Tuzaklar ve engeller hayatımı alt üst etmek için ant içmişler gibi hareket ediyorlardı. Gökyüzündeki yıldızları söndüren hayat bana neler yapmazdı ? Gözlerimden akan her gözyaşının bedeli ne oluruyordu ? Benim çektiğim acılarının hesabını veren var mı ?
Belki de içimde yaşadığım bir yangın dışarıya vurup onu felakete dönüştürmüştür. Öylesine acıyordur ki dayanamıyordum. Yok olmak istiyorumdur. Benden vazgeçenlerden bende vazgeçmek istiyordum.
Yangın, hayatımı mahvetti sadece. Kaderimi sil baştan yazdı.
Yangın, bir son değildi. Bir felaketin başlangıcıydı. Kendimin yok oluşunun fermanıydı.
20 Ekim 2023
İçimde yaşadığım her duygu beni belki de buraya, ait olduğum yere, getirdi. Elimde tuttuğum benzin bidonu ile her şeyin başladığı o eve bakıyordum. Hayatımı karartan o evi içimdeki yangını söndürmek için yakıp yıkmak istiyordum. Gözlerimde ateş vardı. Kalbim intikam istiyordu. Öylesine bir kin besliyordum ki burayı düşünmeden paramparça etmek istiyordum. Beni yok ettikleri yeri yerle bir edecektim. Belki o zaman yok edici olarak anılırdım ama içimdeki yangın biraz da olsa dinerdi. Biraz da olsa kalbimi susturabilirdim. Bidonu evin etrafına döktüm. Elime aldığım çakmağı açıp ateşin tam içine baktım. Gözlerimi hizasına getirdim. Haykırış, bağırış, merhamet dilemek...

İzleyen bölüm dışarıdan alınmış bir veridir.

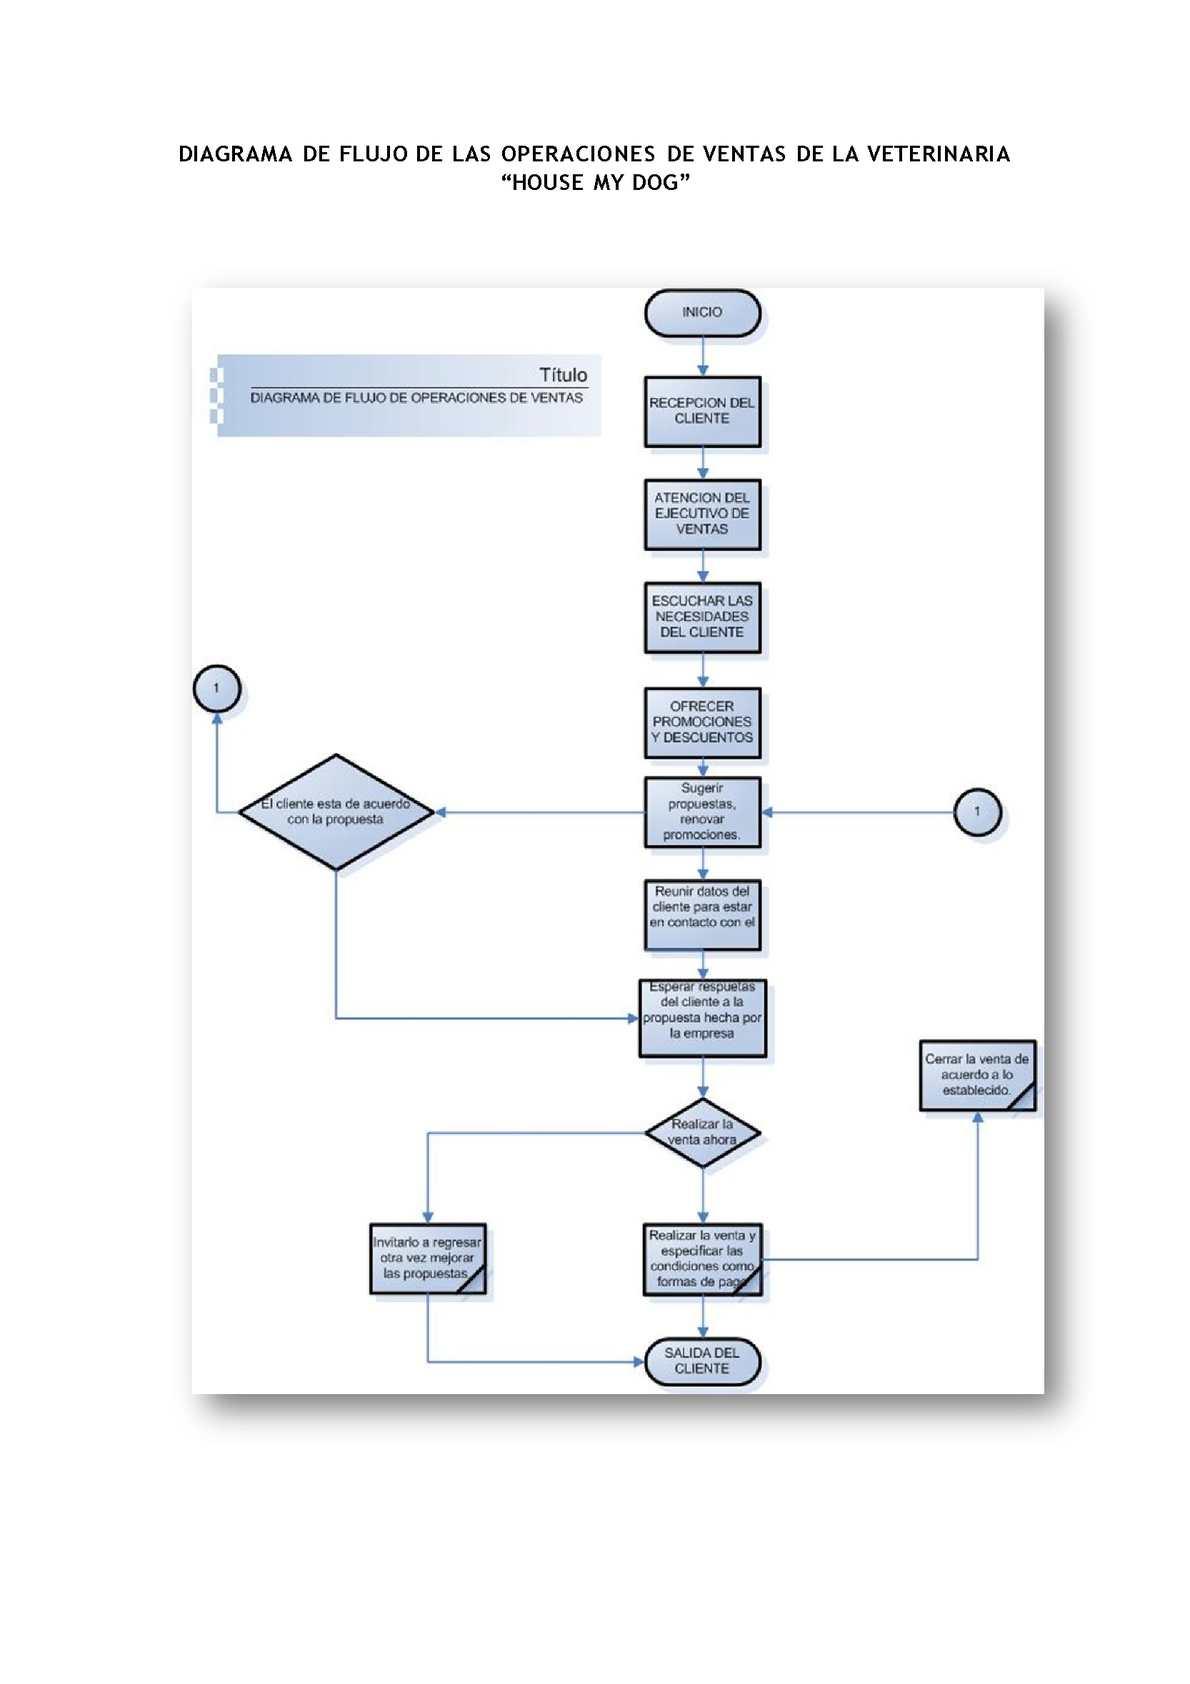 Calamo diagrama de flujo de operaciones de ventas house my dog ccuart Image collections

Öylesine bir ateş yaktı ki kalbimi, bunu anlatmak için ne bir cümle ne de bir kelime yeterli gelir. Ölümsüz ruhlarla dolu anılar, belki de hiç yaşanmaması gereken masallar insanı bir anlık mutlulukla kandırıp onu yok edecek yolu hazırlayabilir. Küllerimden yeninden durmadan, yılmadan doğacağım, her zaman yaptığım gibi.Çakmağı yere atacağım sırada arkamdan bir ses işittim.
" Yapma, Vera ! " Arkamı döndüğümde sesinin tonundan bile kim olduğunu bildiğim kişiyi gördüm: Zümrüt Deniz'i.

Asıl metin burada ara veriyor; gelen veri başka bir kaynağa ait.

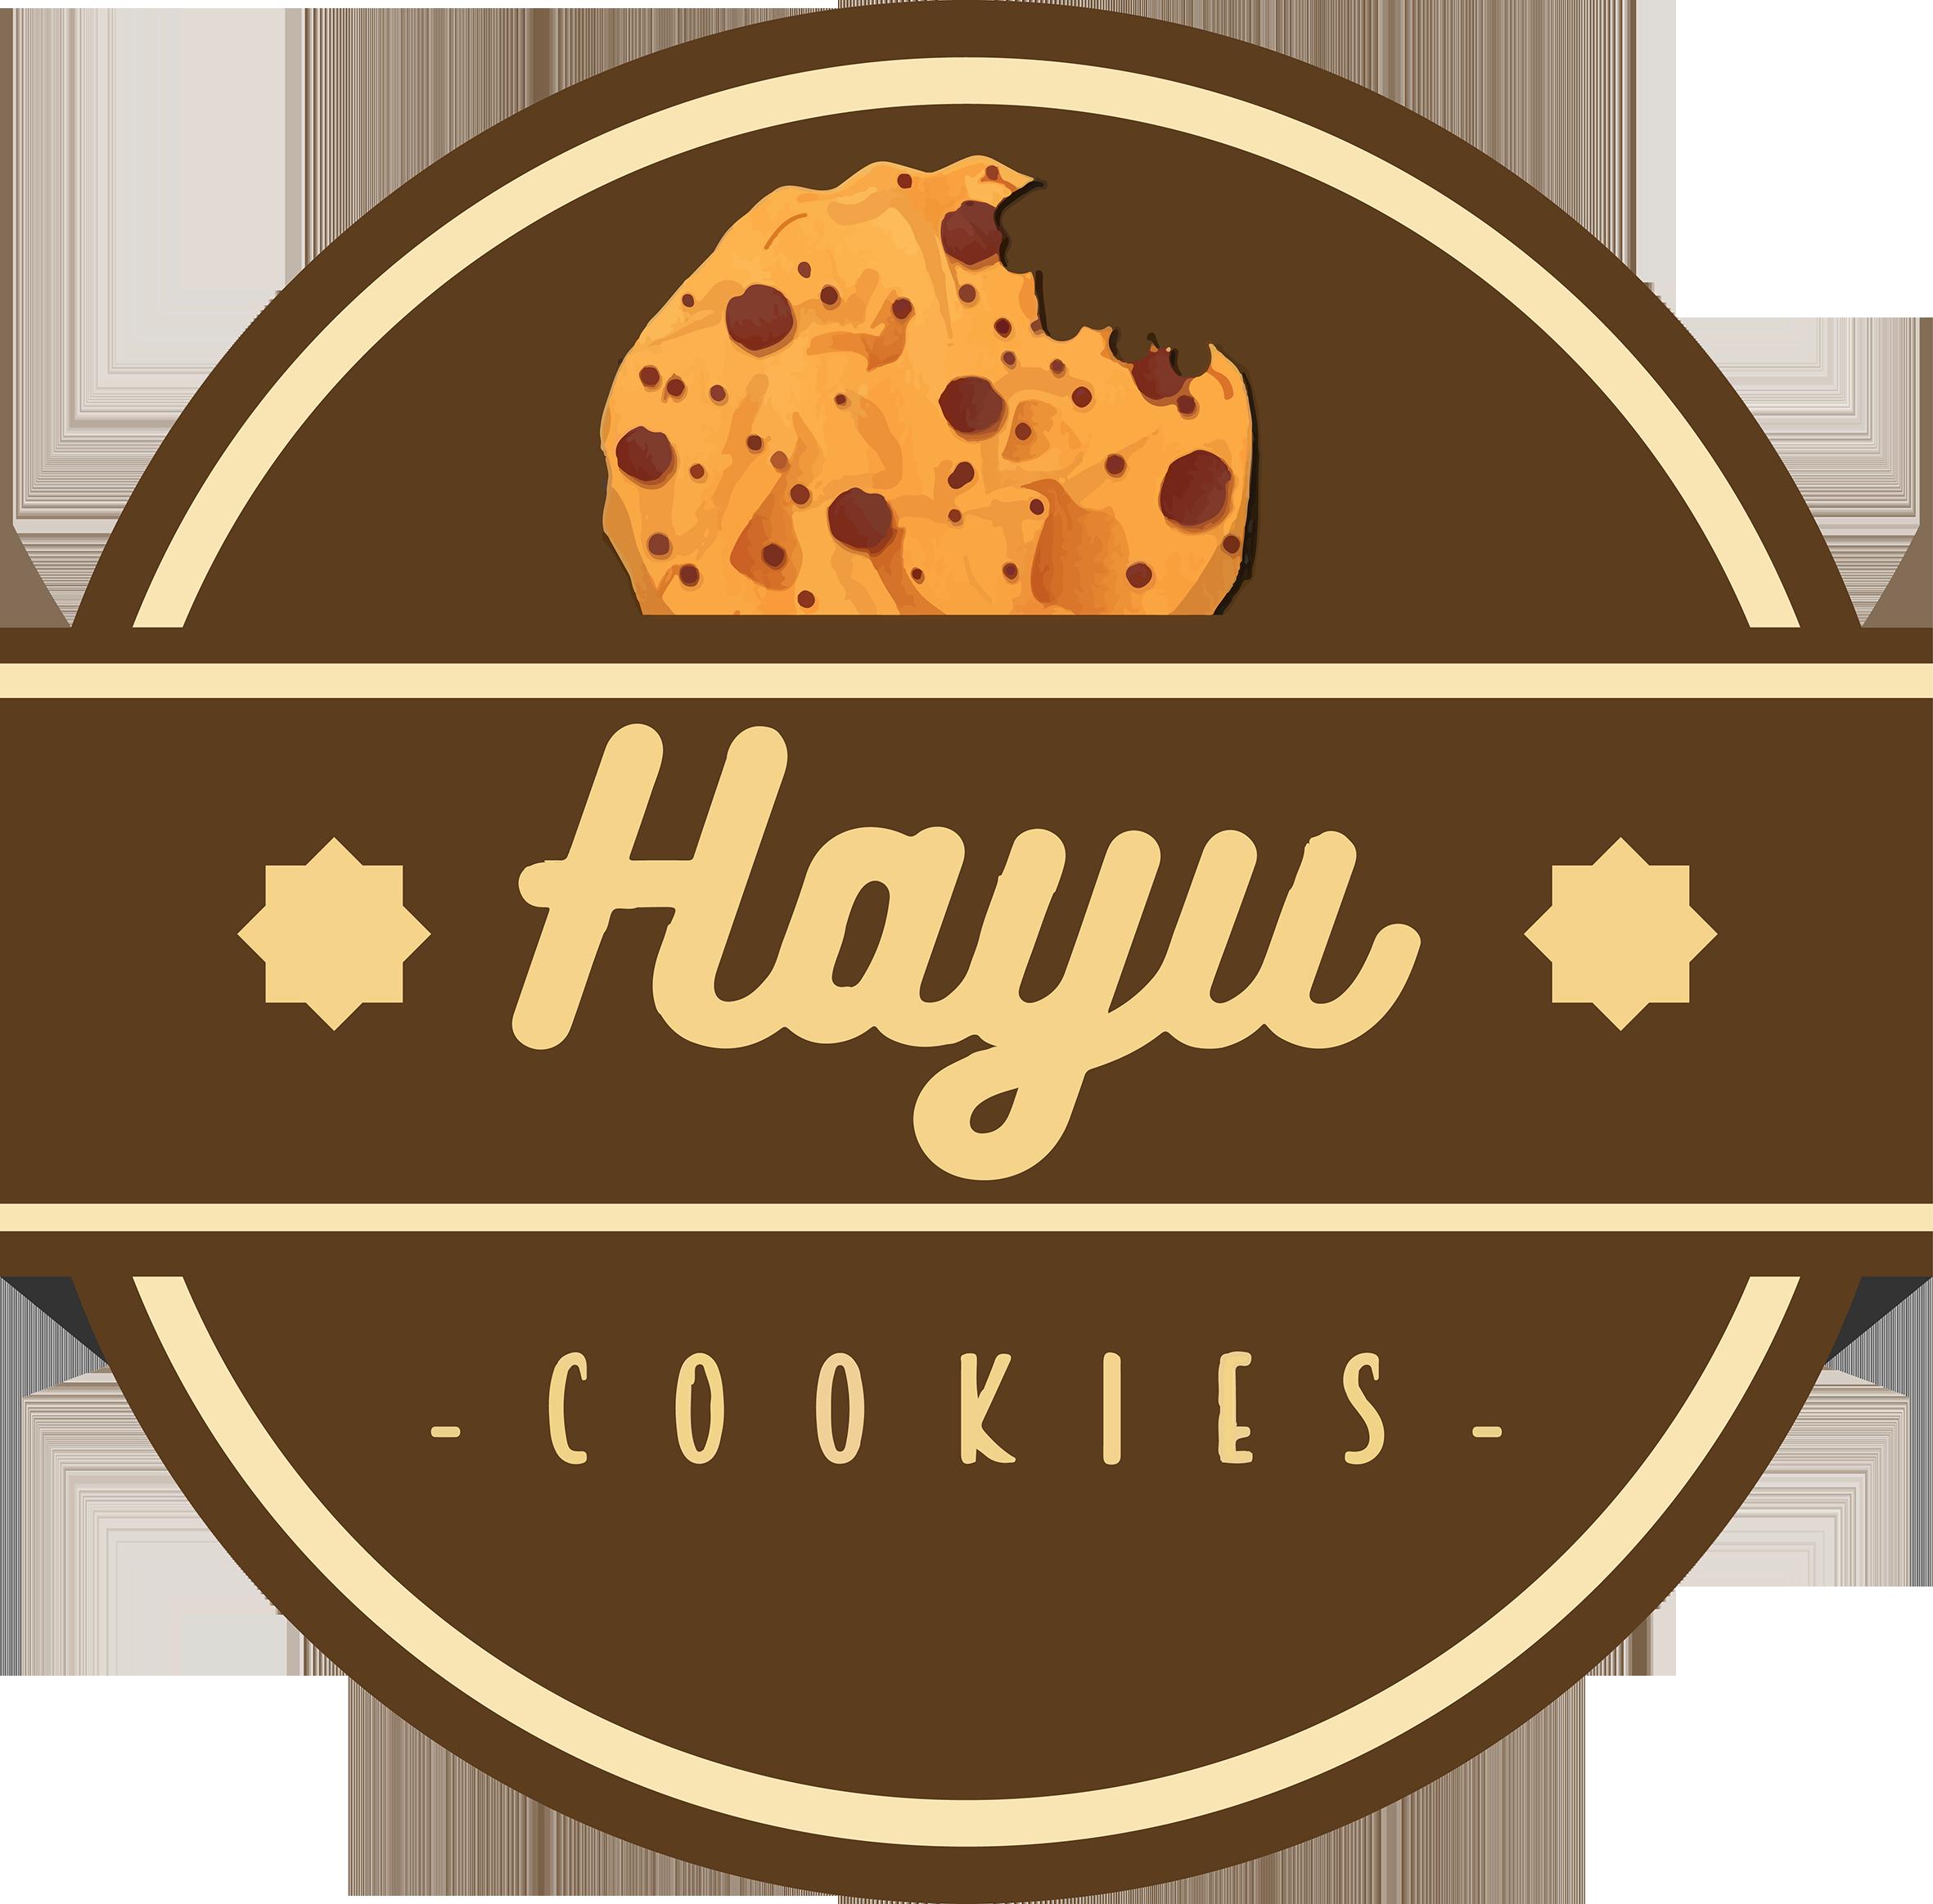 HD Cookies Logo Png.

Acıyla gülümsedim, bana doğru yaklaşmak istedi. Onu durdum.
" Zümrüt Deniz, sözde benim güzel annem, seni öylesine çok sevdim ki senin gözünün içine bakıyordum ben. Beni görmen için. Beni duyman için. Benim acı çektiğimi nasıl hiç görmedin? Neden hiç beni duymadın ? Beni neden anlamak için uğraşmadın ? "
Sorumu görmezden gelerek " Vera, hayatını karartacaksın ! Ölüm çiçeğinin lanetini taşıyacaksın ! Yok eden olarak anılacaksın ! " dediğinde sadece gözlerinin içine baktım. Belki bu sefer beni anlardı ama yine anlamadı.

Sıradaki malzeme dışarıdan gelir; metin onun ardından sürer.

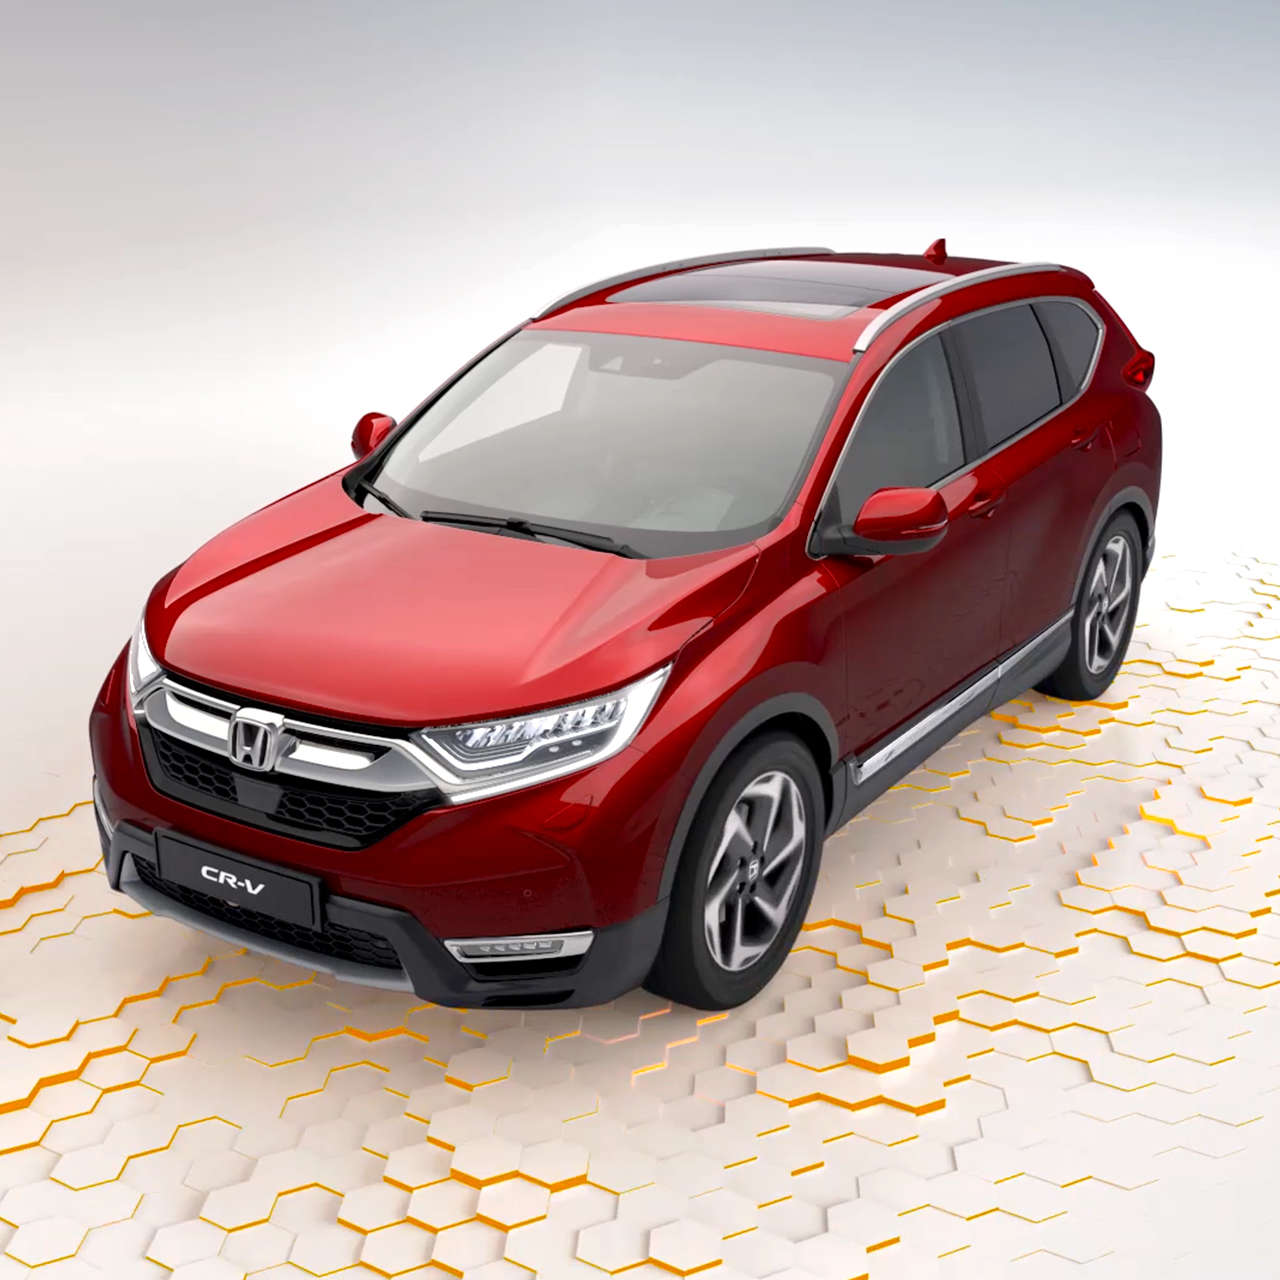 All New Cr V The Redesigned 4x4 Suv Honda Uk

" Gözlerimin içine bak, anne ! Bak ! Hâlâ görmüyorsun! Hâlâ benim acıdan kıvrandığımı görmüyorsun! "
" Görüyorum ama görmek istemiyorum. Bu sen değilsin! Sen benim kızımsın ! Güçlü olacaksın ! Zorundasın ! Damarlarında taşıdığın o kan benim kızım olduğunu zaten haykırıyor. Kaçma artık Vera, ben sana yardım etmek için zaten hep buradaydım. Sen... "
" Ben senin kızın değilim. Ben senin gibi olmayacağım ! "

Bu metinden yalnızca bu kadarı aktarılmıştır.